Your conclusion may be right, but the HedWeb isn’t strong evidence—as far as I recall David Pearce holds a philosophically flawed belief called “psychological hedonism” that says all humans are motivated by is pleasure and pain and therefore nothing else matters, or some such. So I would say that his moral system has not yet had to withstand a razing attempt from all the truth hordes that are out there roaming the Steppes of Fact.
If “the thesis above” is the unity of values, this is not an argument. (I agree with ZM.)
It’s an argument for it’s being possible that behavior isn’t representative of the actual values.
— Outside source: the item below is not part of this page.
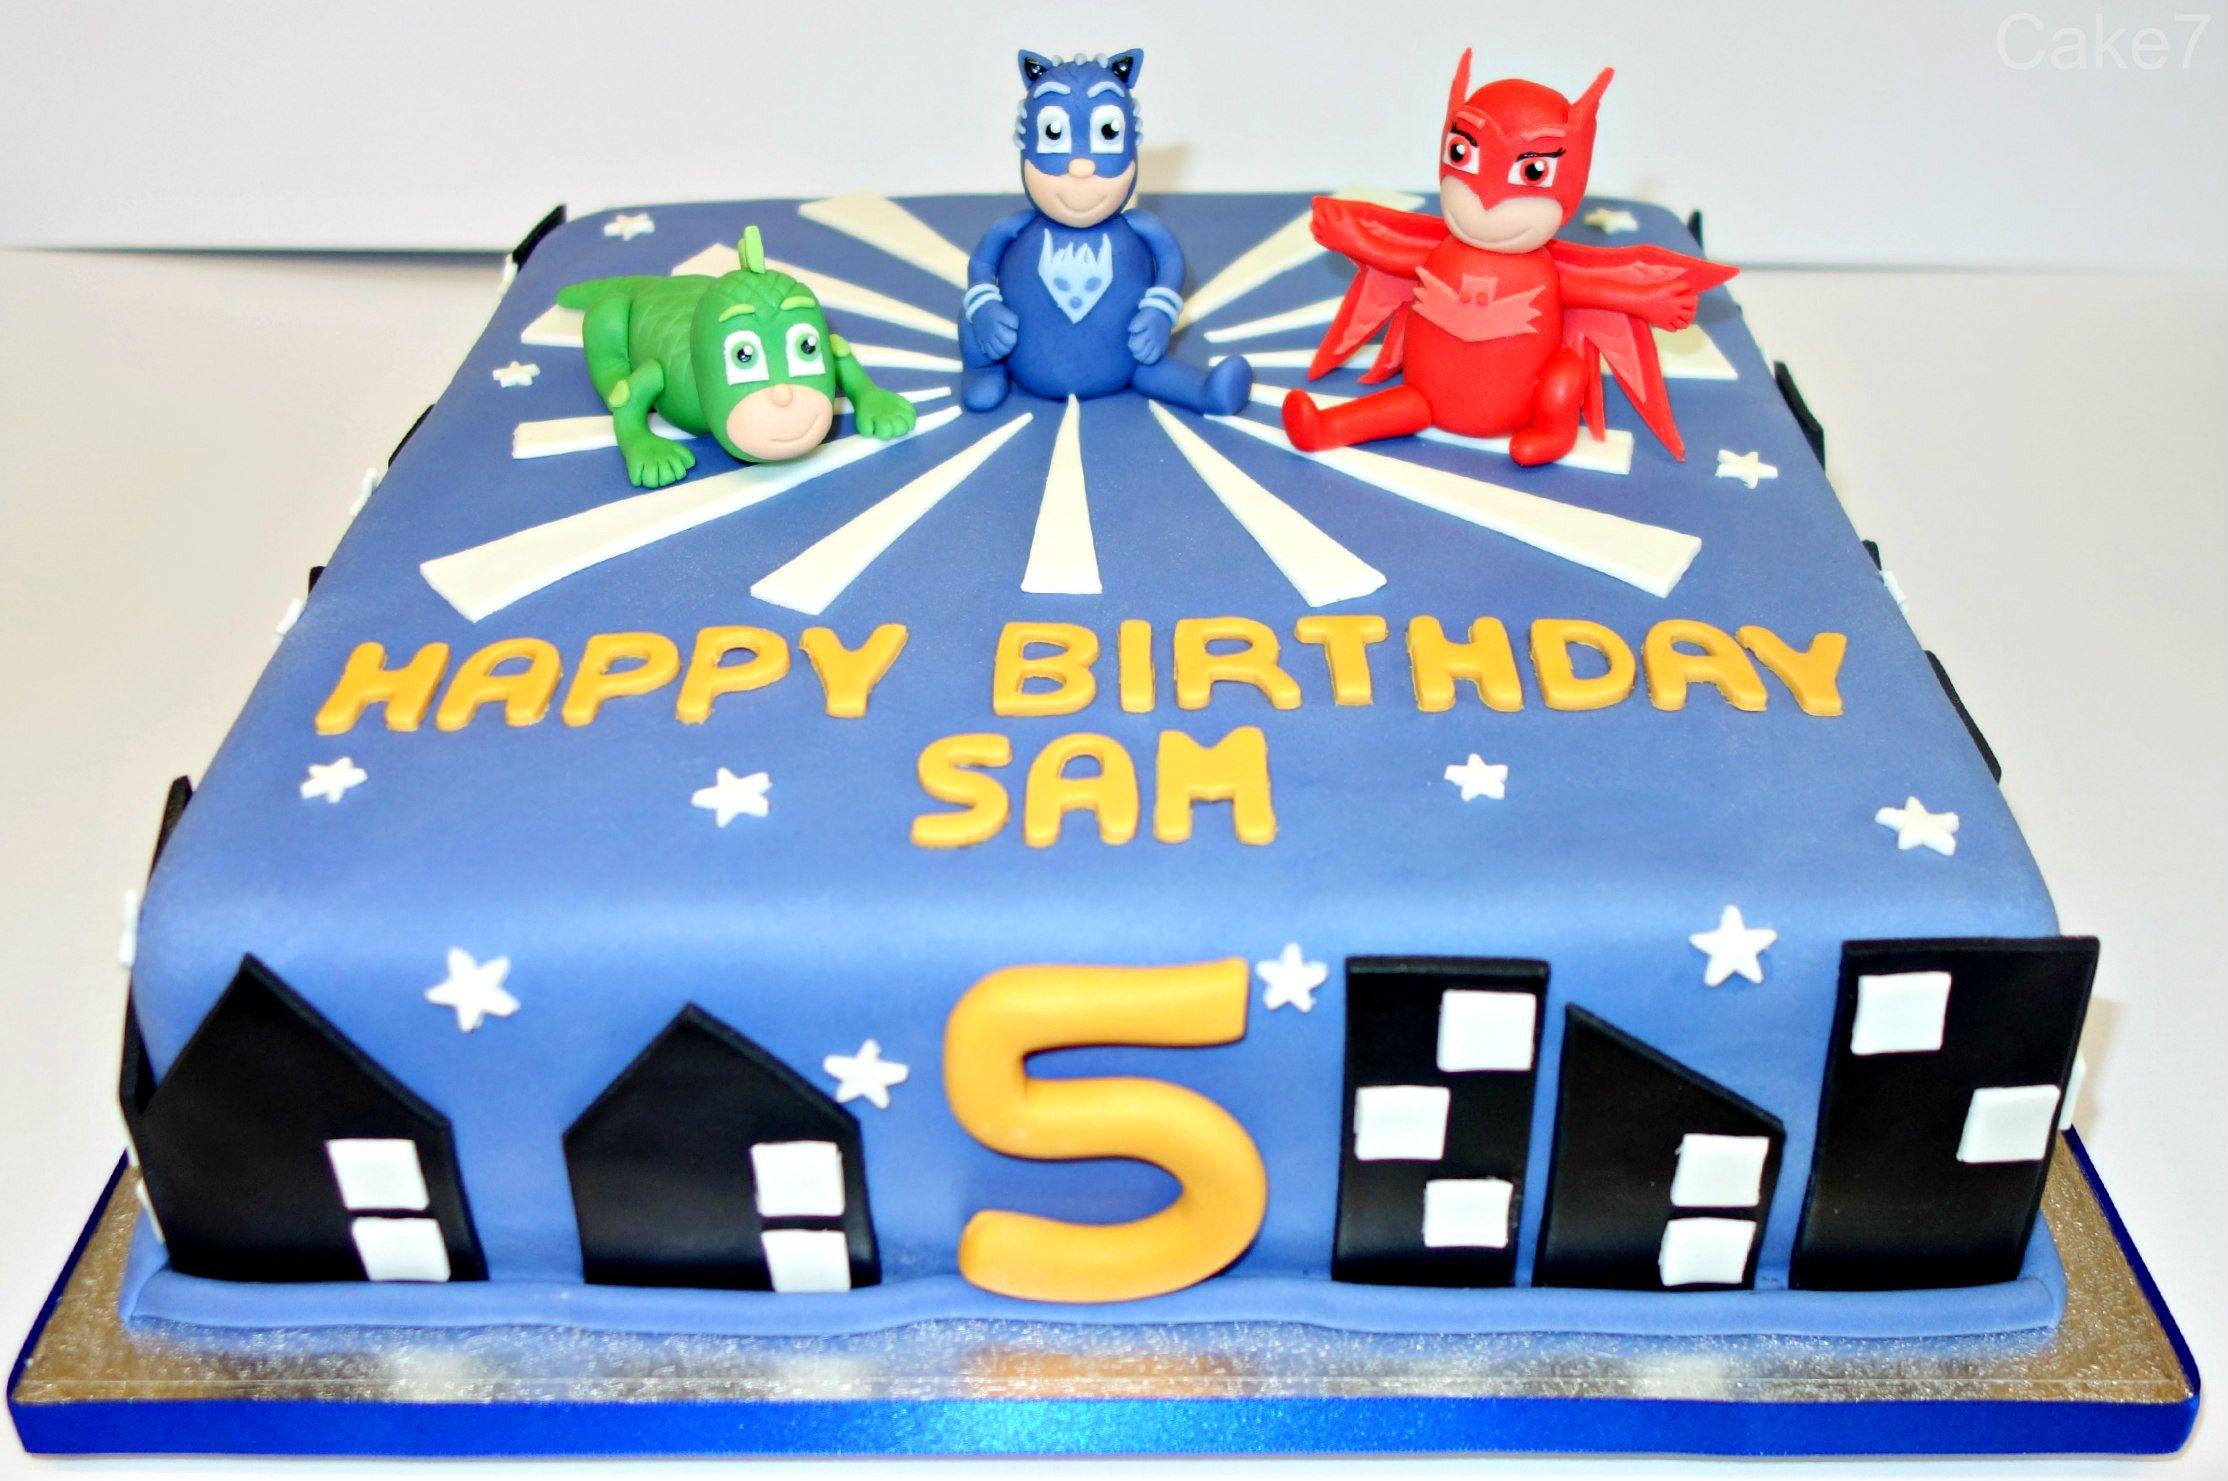 Pj Masks Themed Cake Www Cakeseven Wix Facebook Cake7
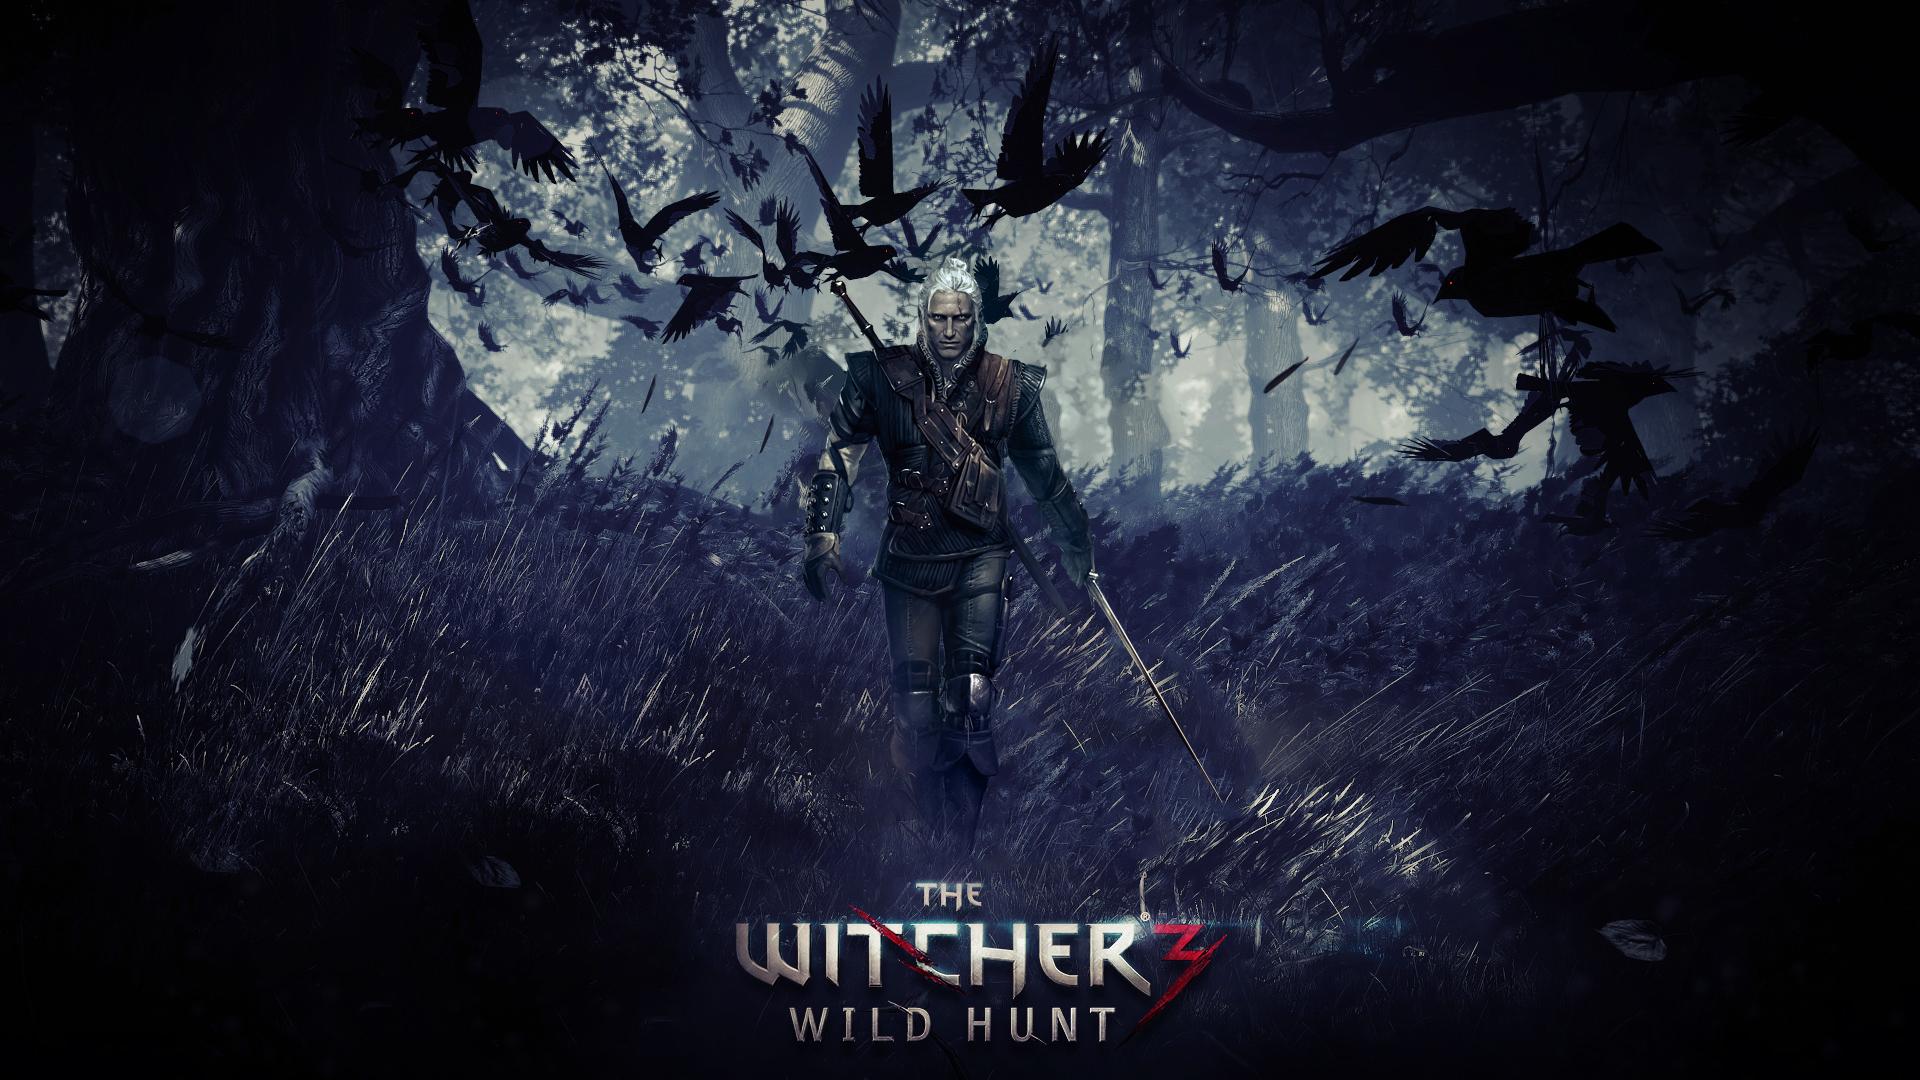 witcher 3 wallpaper 1080x1920

That actual values are more united than the behaviors is a separate issue.
It seems to me that it’s an appeal to the good consequences of believing that you can be wrong.
Well, obviously. So I’m now curious about what do you read in the discussion, so that you see this remark as worth making?
That the discussion was originally about whether the unity of values is true; that you moved from this to whether we should believe in it without clearly marking the change; that this is very surprising to me, since you seem elsewhere to favor epistemic over instrumental rationality.
I’m uncertain as to how to parse this, a little redundancy please! My best guess is that you are saying that I moved the discussion from the question of the fact of ethical unity of humankind, to the question of whether we should adopt a belief in the ethical unity of humankind.
Let’s review the structure of the argument. First, there is psychological unity of humankind, in-born similarity of preferences. Second, there is behavioral diversity, with people apparently caring about very different things. I state that the ethical diversity is less than the currently observed behavioral diversity. Next, I anticipate the common belief of people not trusting in the possibility of being morally wrong; simplifying:
To this I reply with “If you can’t be wrong, you can never get better.” This is not an endorsement to self-deceivingly “believe” that you can be wrong, but an argument for it being a mistake to believe that you can never be morally wrong, if it’s possible to get better.
Correct.
I agree, and agree that the argument form you paraphrase is fallacious.
Are you saying you were using modus tollens – you can get better (presumed to be accepted by all involved), therefore you can be wrong? This wasn’t clear, especially since you agreed that it’s an appeal to consequences.
Right. Since I consider epistemic rationality, as any other tool, an arrangement that brings about what I prefer, in itself or instrumentally, I didn’t see “appeal to consequences” of a belief sufficiently distinct from desire to ensure the truth of the belief.
Human values are frequently in conflict with each other—which is the main explanation for all the fighting and wars in human history.
The explanation for this is pretty obvious: humans are close relatives of animals whose main role in life has typically been ensuring the survival and reproducion of their genes.
Unfortunately, everyone behaves as though they want to maximise the representation of their own genome—and such values conflict with the values of practically every other human on the planet, except perhaps for a few close relatives—which explains cooperation within families.
This doesn’t seem particularly complicated to me. What exactly is the problem?